INPUT MATERIAL START

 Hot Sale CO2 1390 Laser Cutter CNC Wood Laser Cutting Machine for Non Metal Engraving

INPUT MATERIAL END
INPUT MATERIAL START

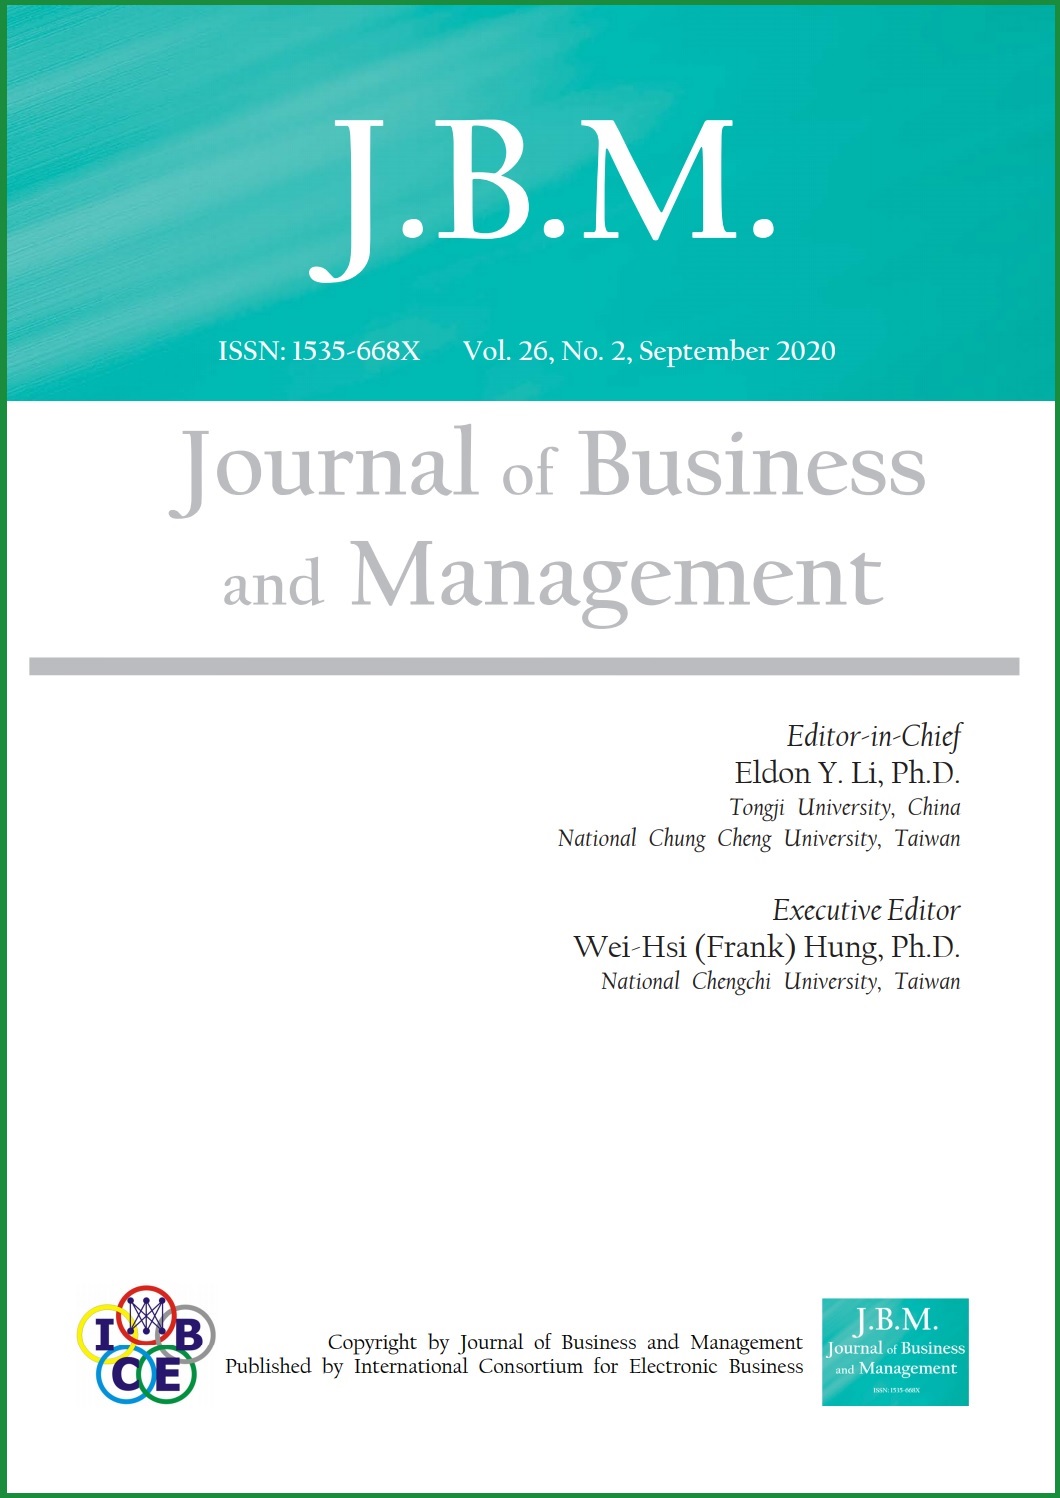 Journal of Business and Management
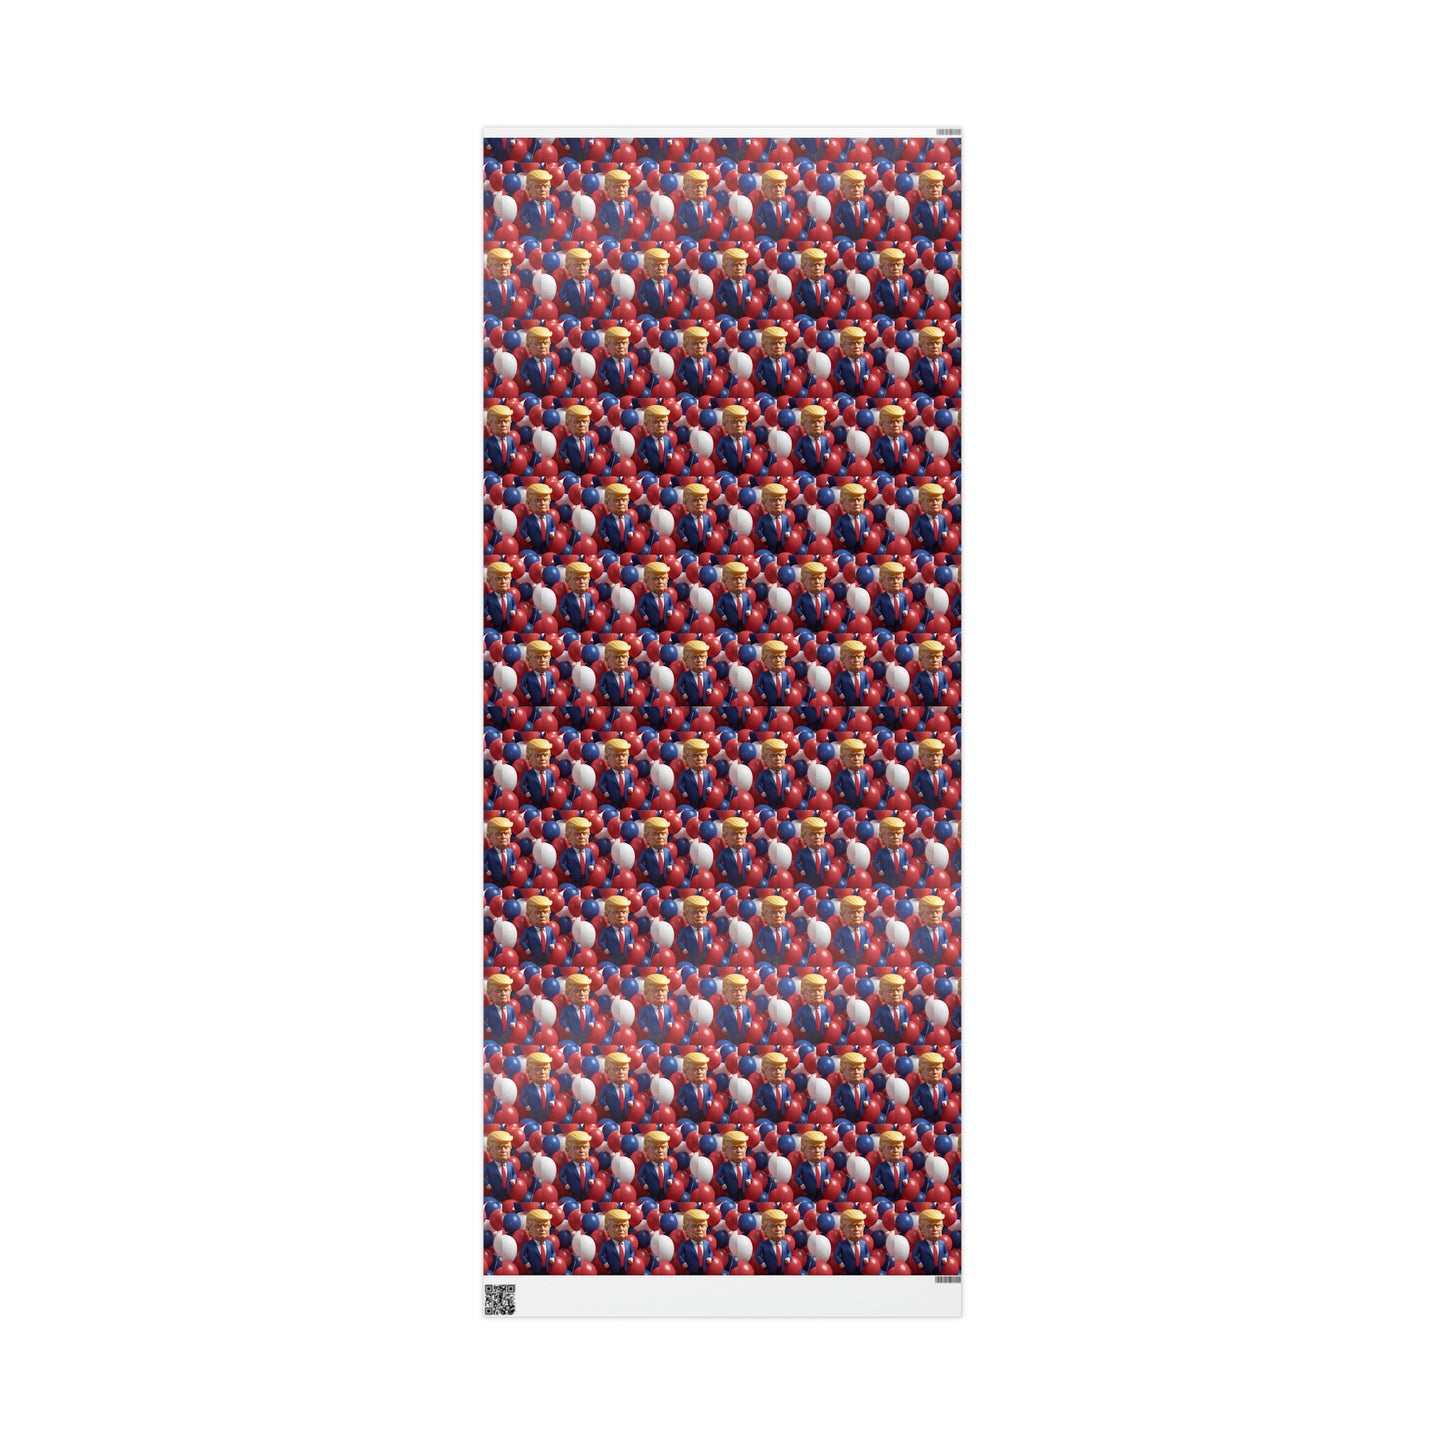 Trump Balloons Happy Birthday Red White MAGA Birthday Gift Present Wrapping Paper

INPUT MATERIAL END

» **WHAT IS BEING ASKED**
For this exercise, reproduce exactly the lines of the records above from the one with "Journal of Business and Management" up to and including the one with "Trump Balloons Happy", without pictures.

» **RESULT OF THE TASK**
 Journal of Business and Management
 Trump Balloons Happy Birthday Red White MAGA Birthday Gift Present Wrapping Paper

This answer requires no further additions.